▶ Exercise
Print, exactly as they stand, the lines below from the one that has "Hotel Vila Baleira Funchal #5" to the one that has "Free stock photo", inclusive, leaving out the pictures.

▶ Data shown
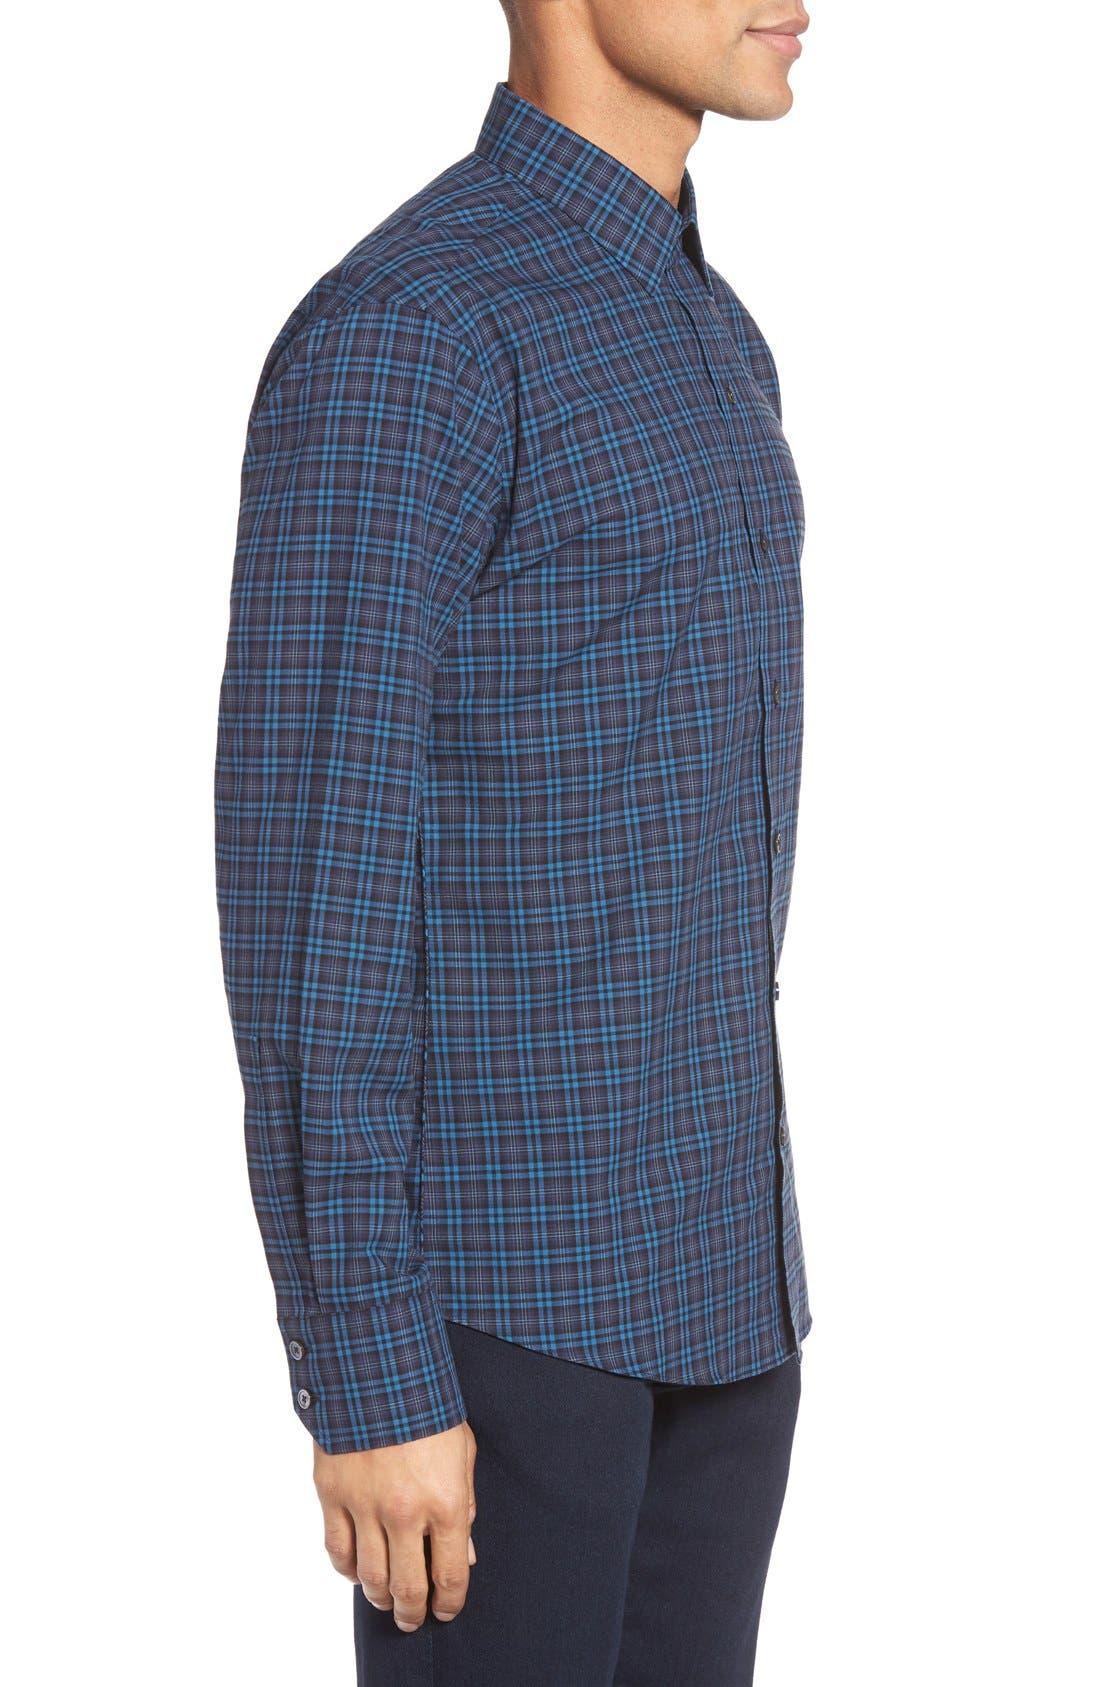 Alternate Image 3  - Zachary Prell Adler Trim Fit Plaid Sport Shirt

==

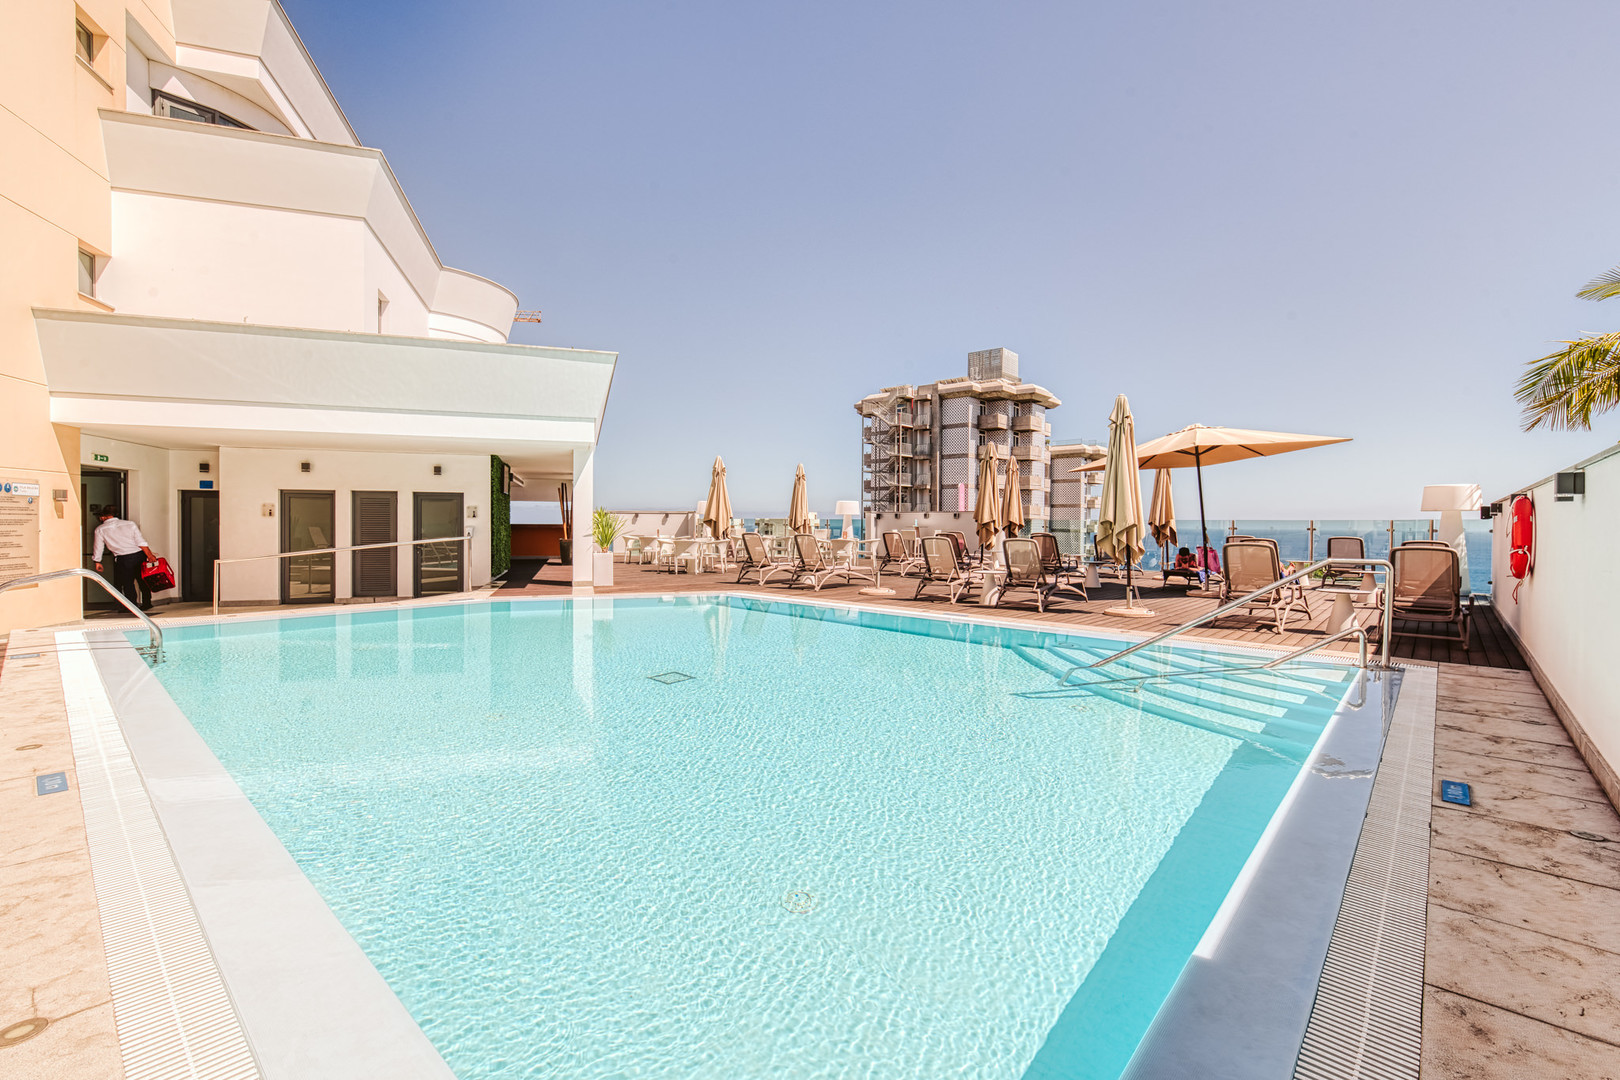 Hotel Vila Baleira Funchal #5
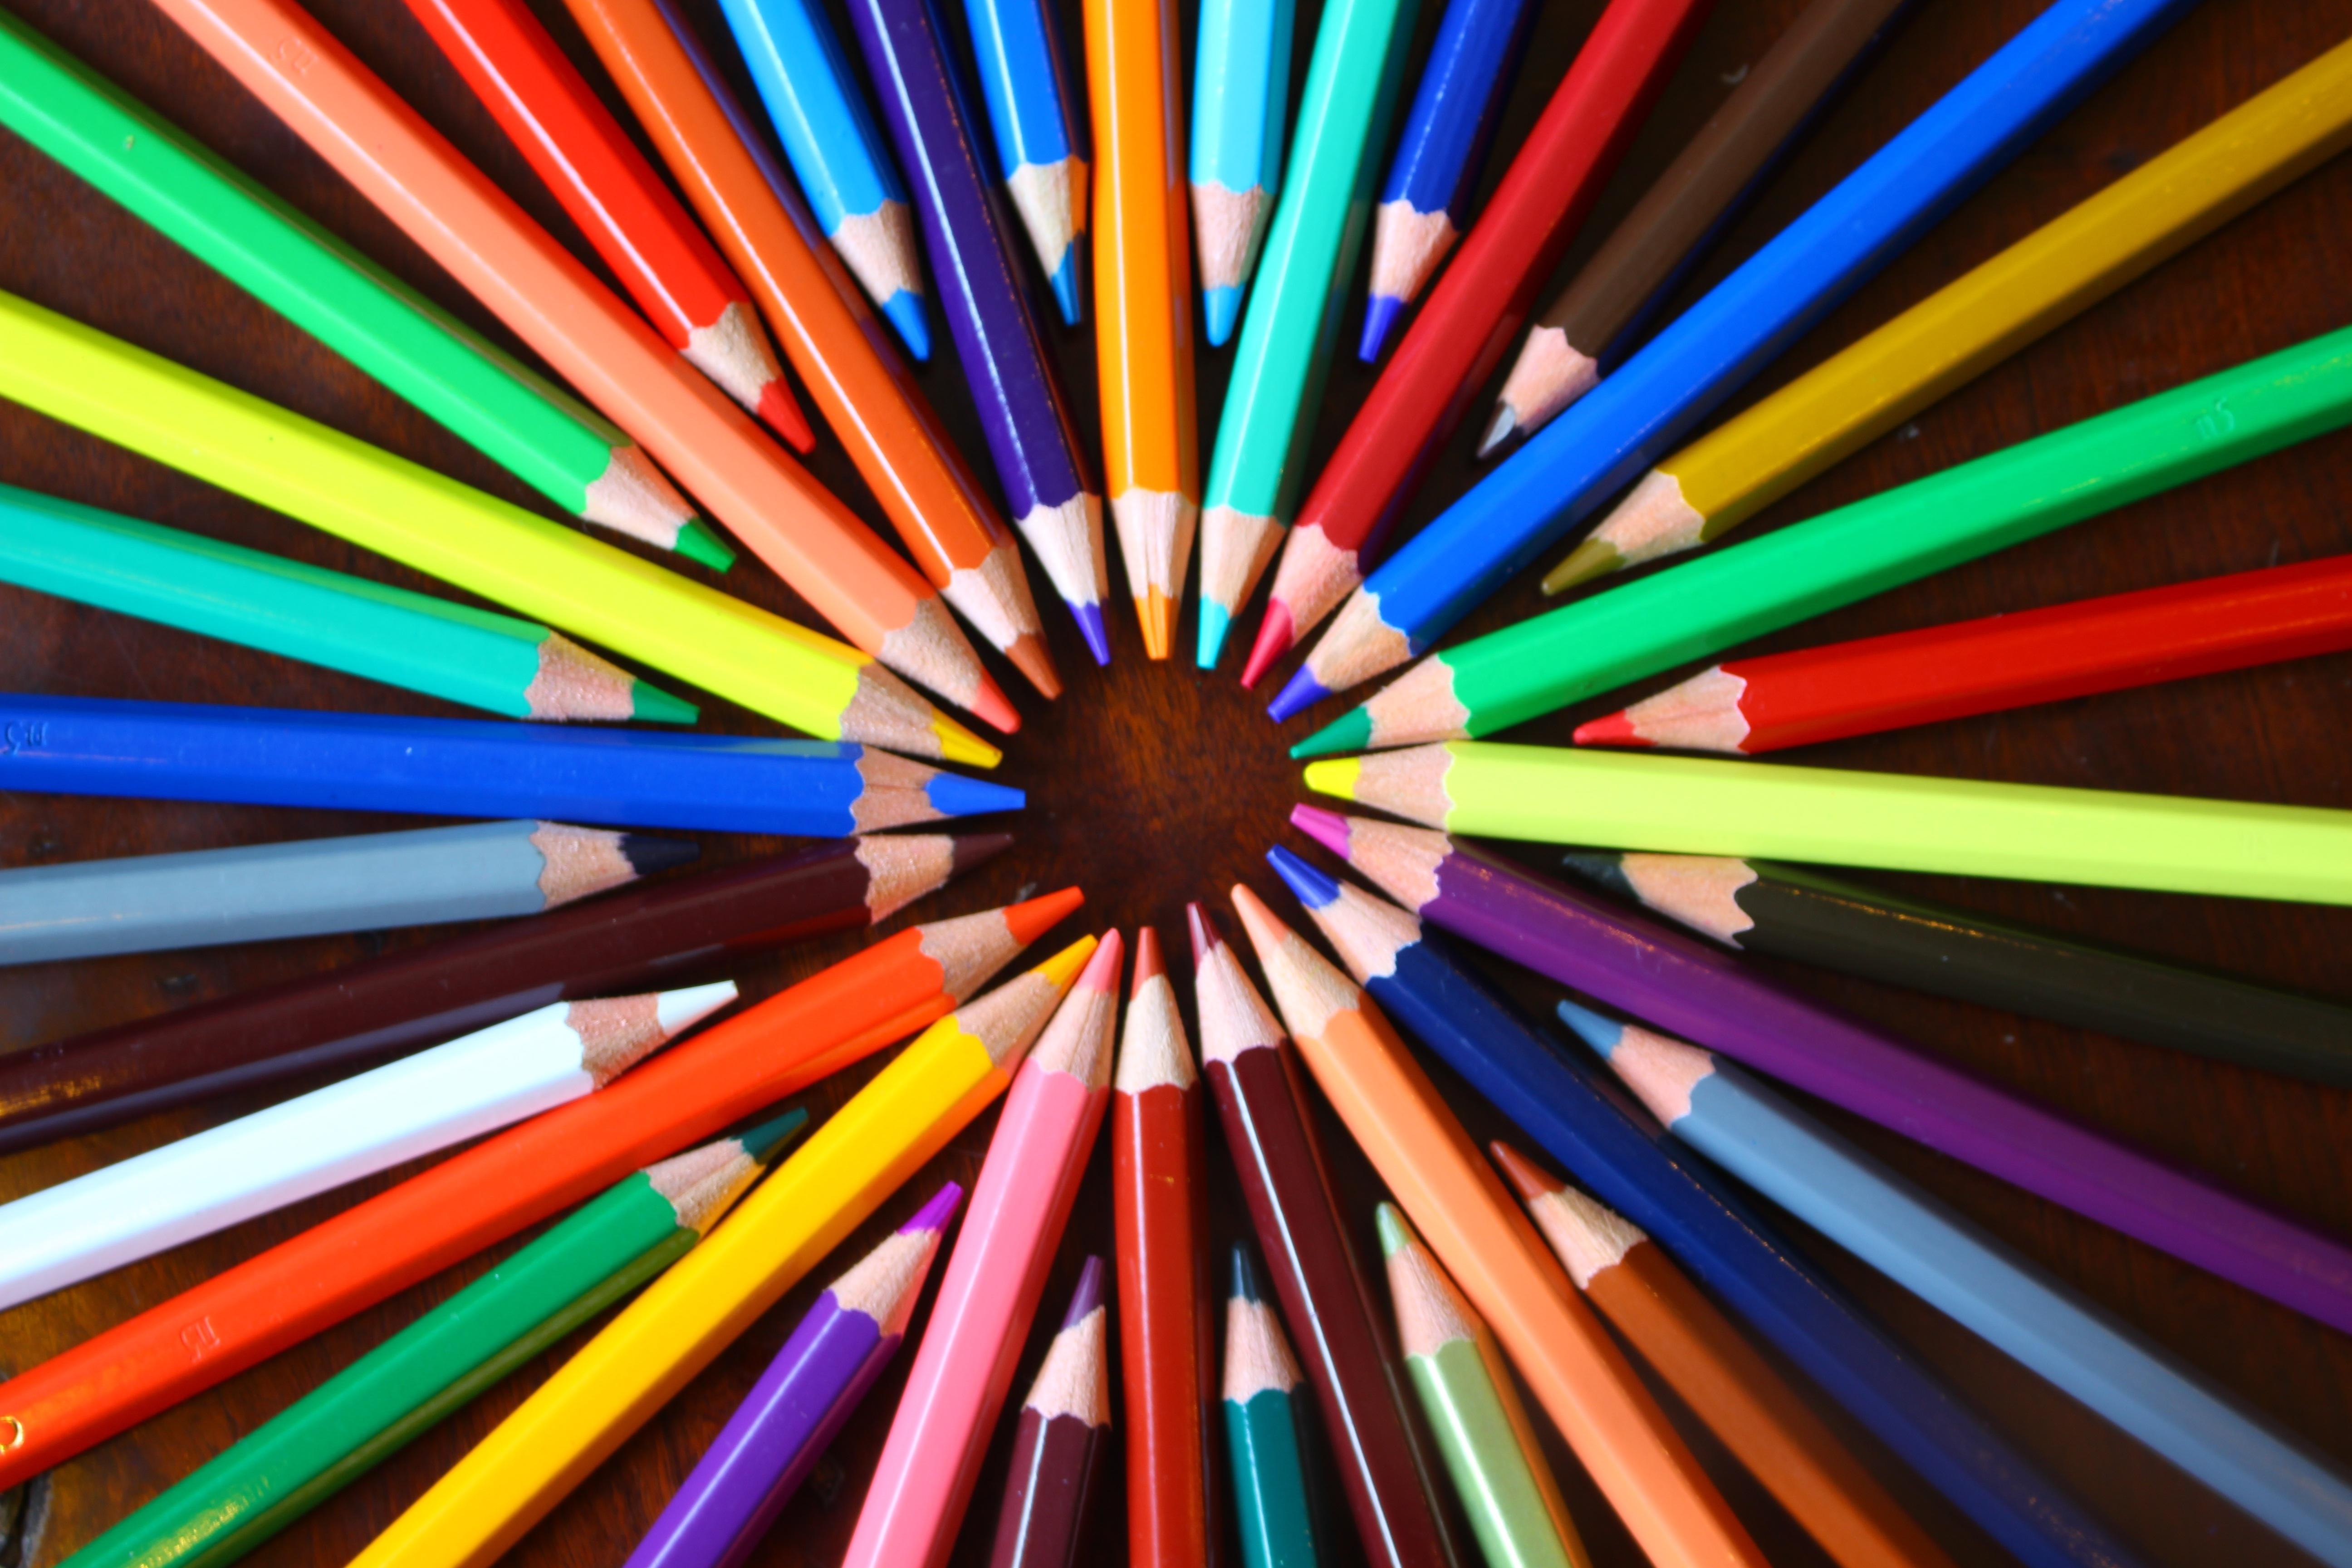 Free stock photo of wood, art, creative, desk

▶ Result below
 Hotel Vila Baleira Funchal #5
 Free stock photo of wood, art, creative, desk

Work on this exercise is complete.